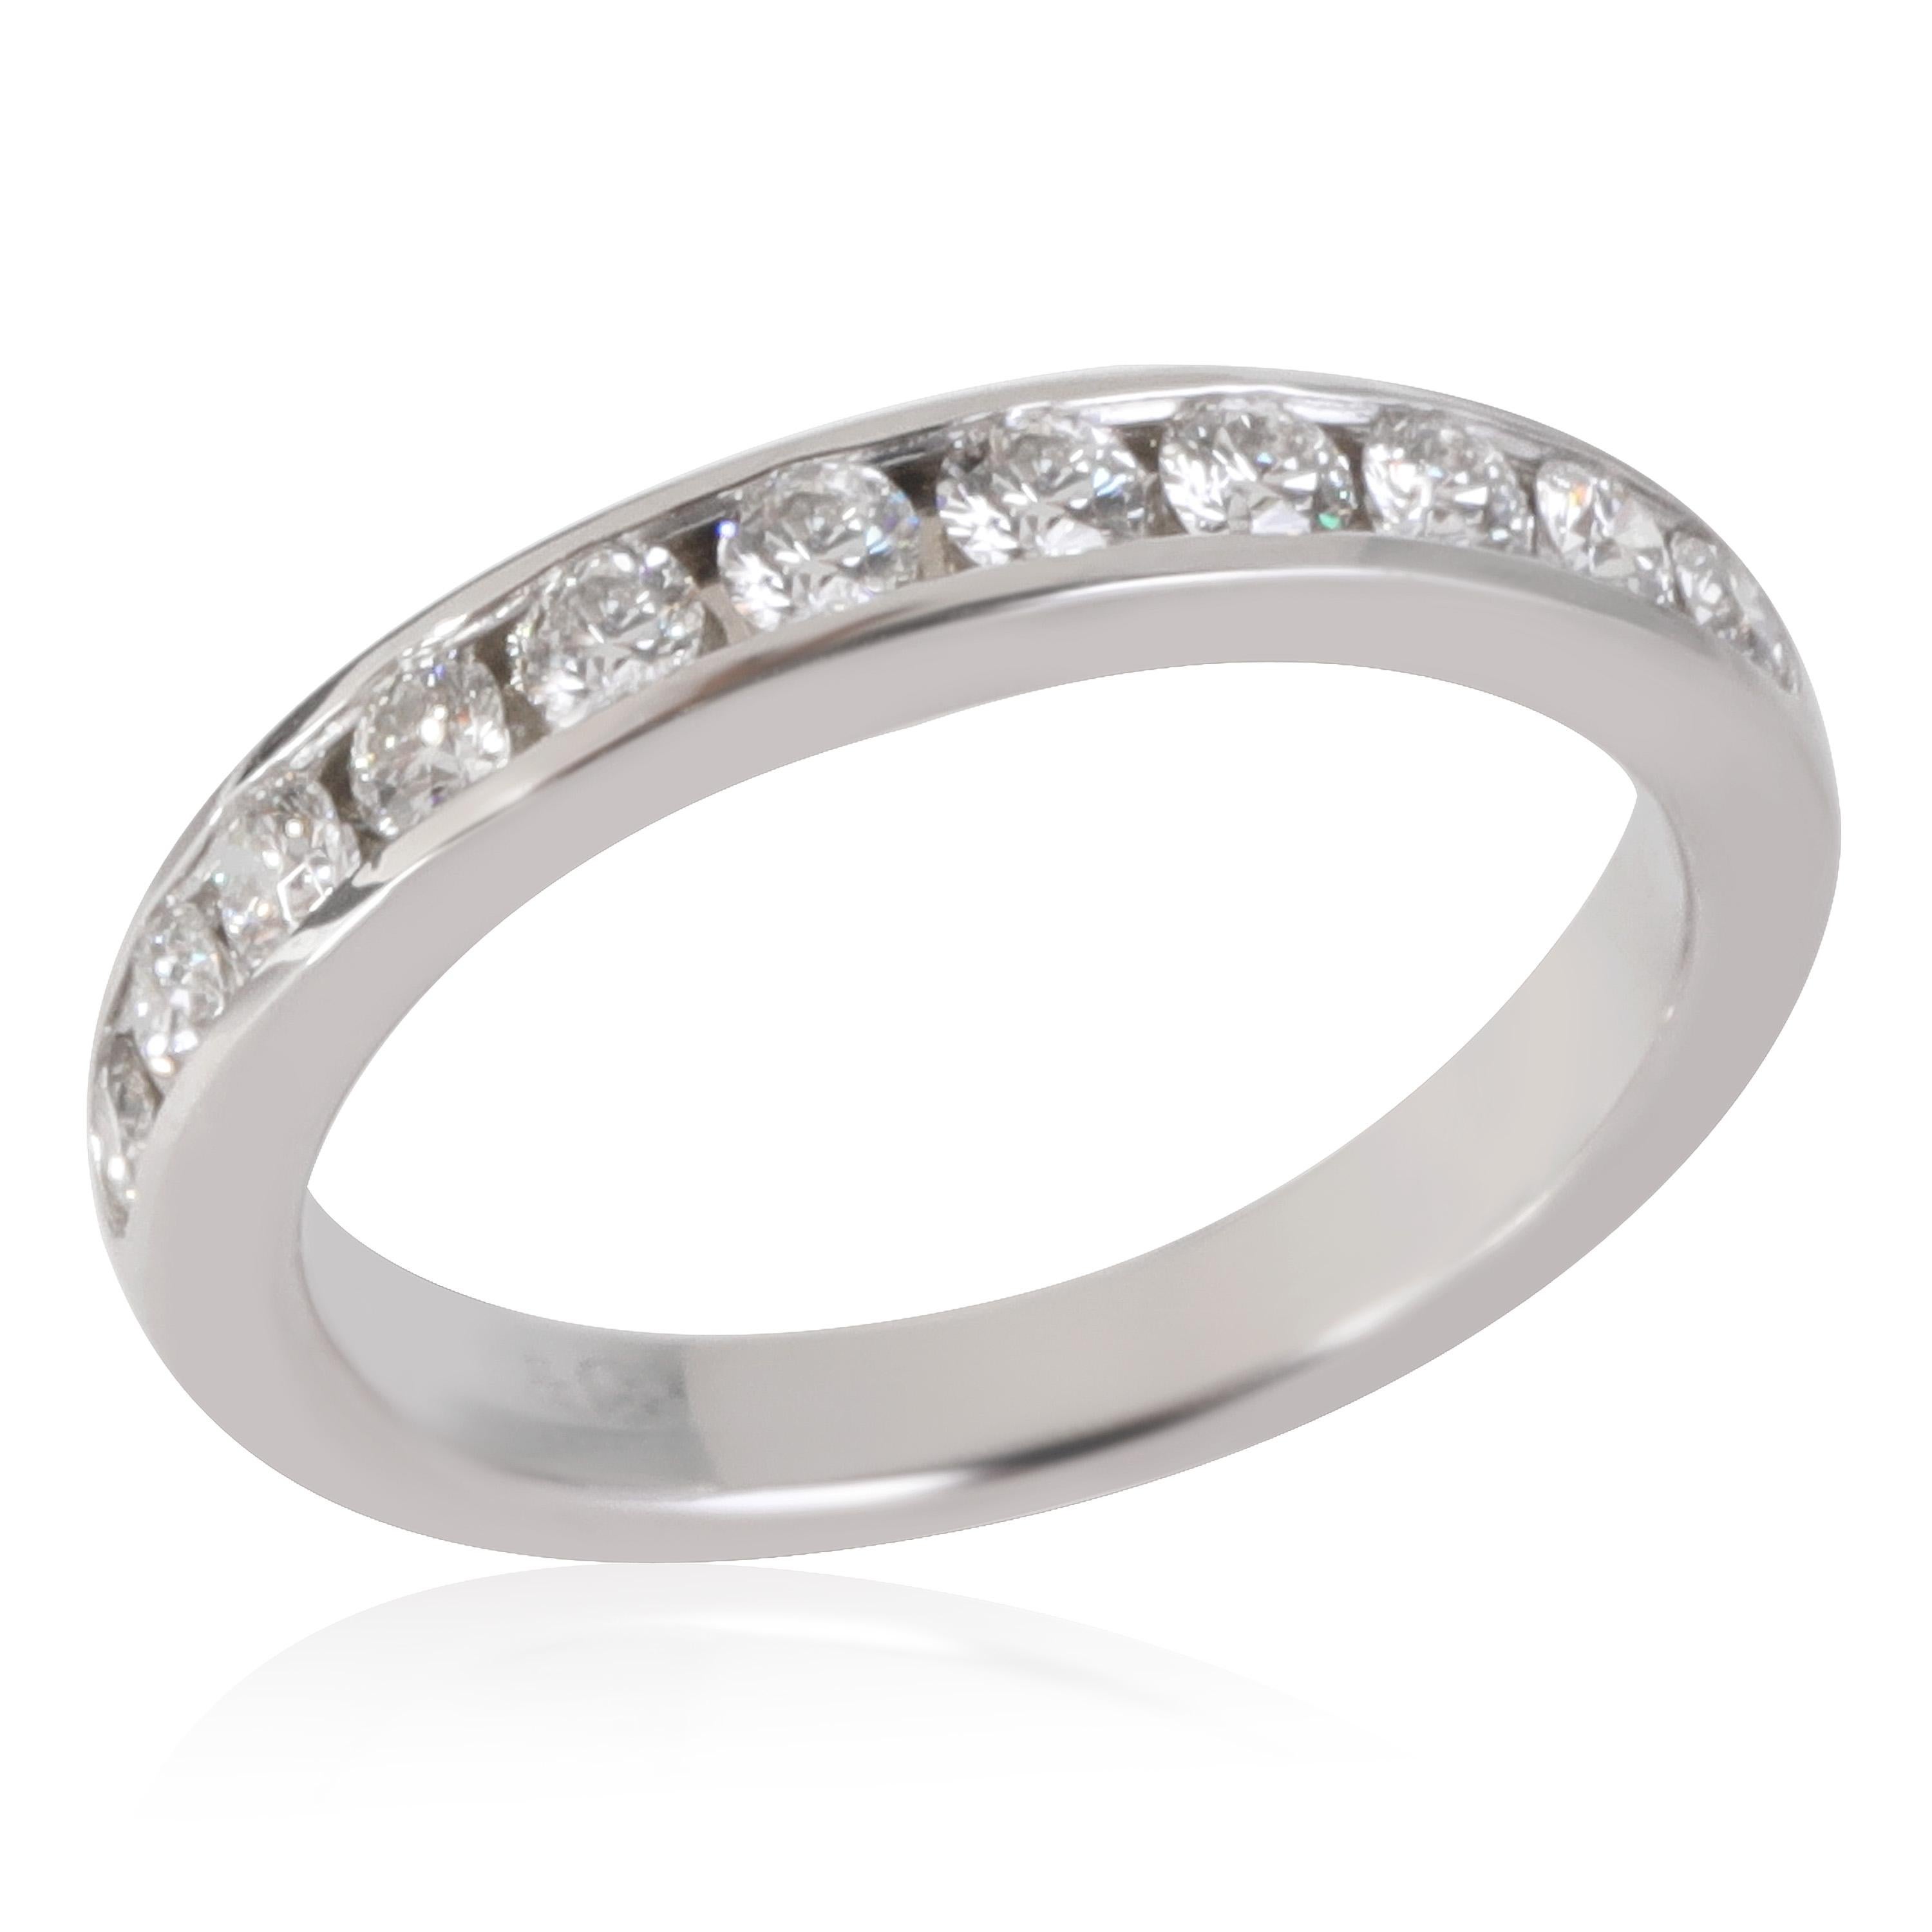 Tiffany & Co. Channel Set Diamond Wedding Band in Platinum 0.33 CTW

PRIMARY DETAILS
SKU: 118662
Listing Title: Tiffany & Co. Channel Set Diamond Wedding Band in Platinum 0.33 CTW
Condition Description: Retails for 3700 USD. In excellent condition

...

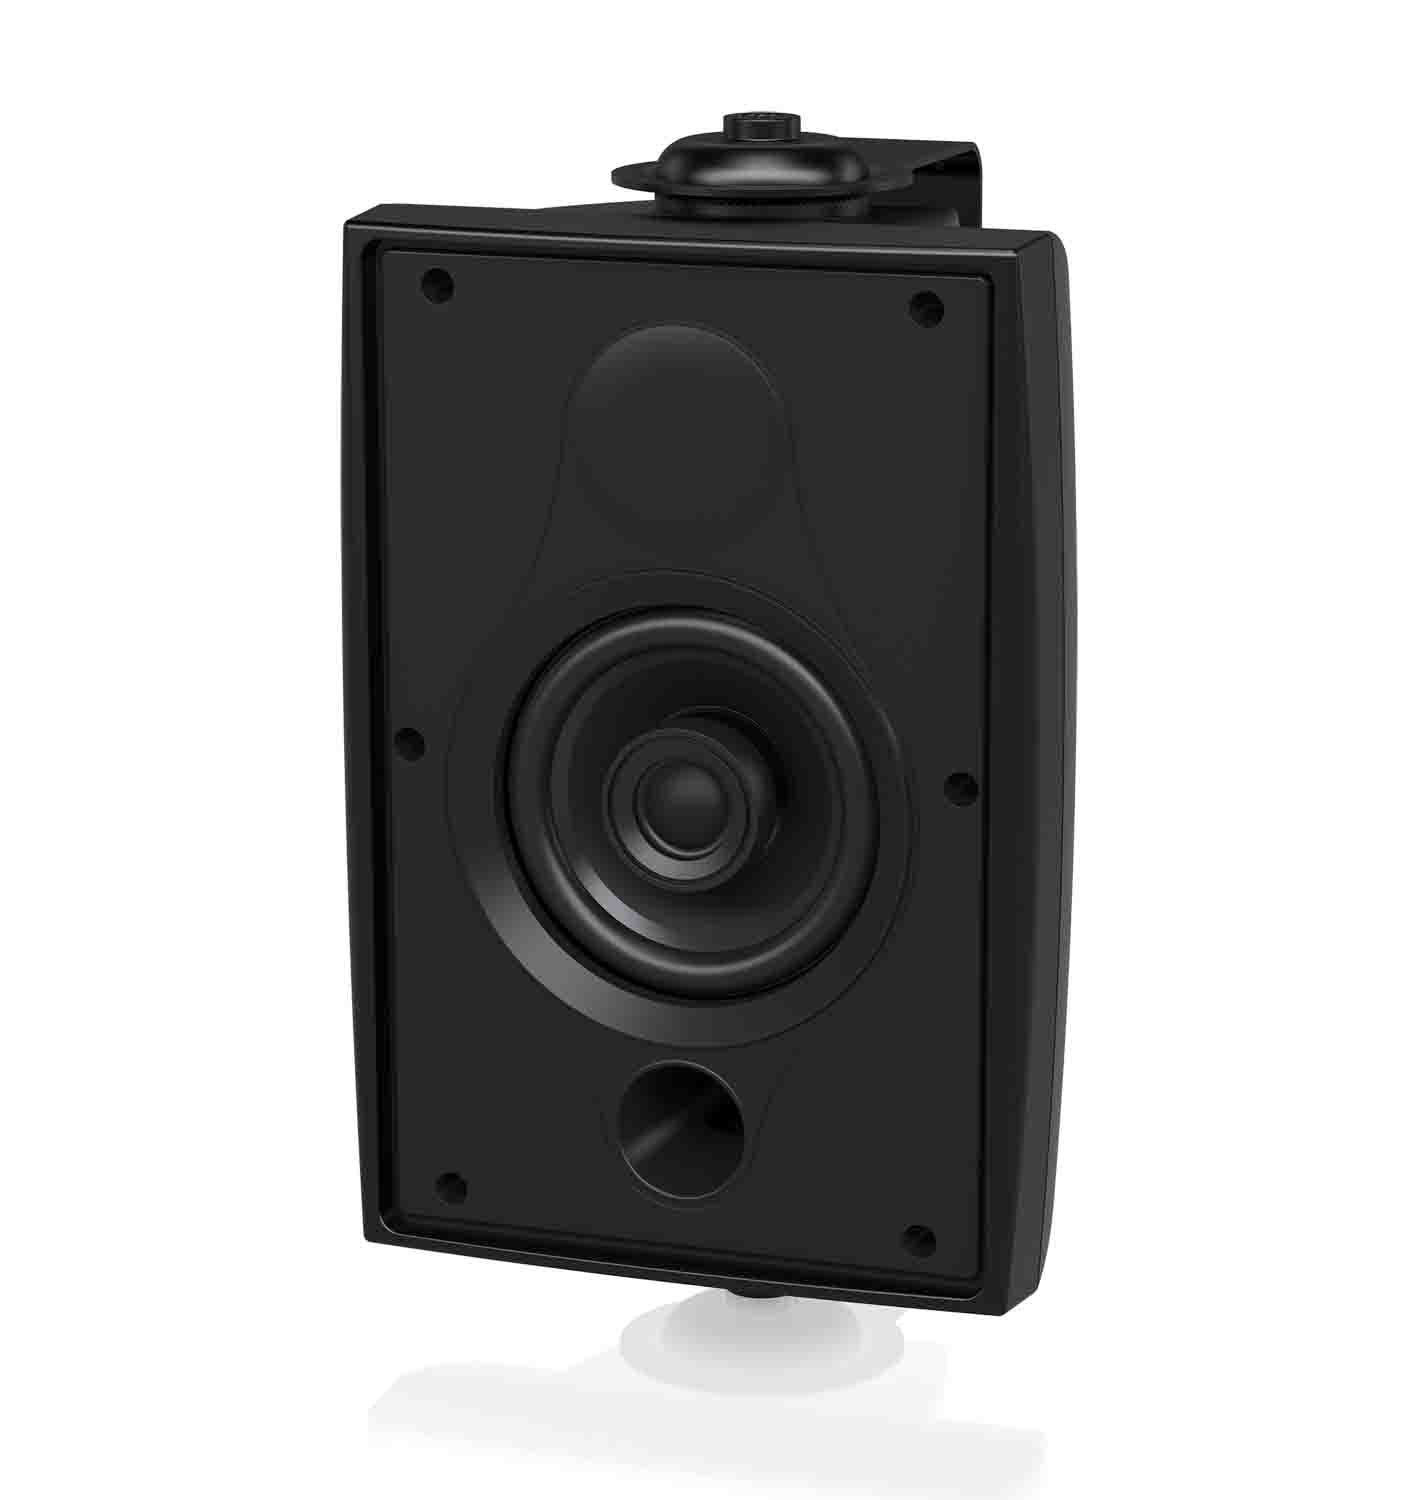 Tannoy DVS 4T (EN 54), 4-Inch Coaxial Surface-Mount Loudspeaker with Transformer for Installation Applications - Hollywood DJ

EXERCISE BRIEF: Print exactly the lines above from the one with "Listing Title: Tiffany" to the one with "Condition Description: Retails", including both.

RESPONSE TO THE EXERCISE:
Listing Title: Tiffany & Co. Channel Set Diamond Wedding Band in Platinum 0.33 CTW
Condition Description: Retails for 3700 USD. In excellent condition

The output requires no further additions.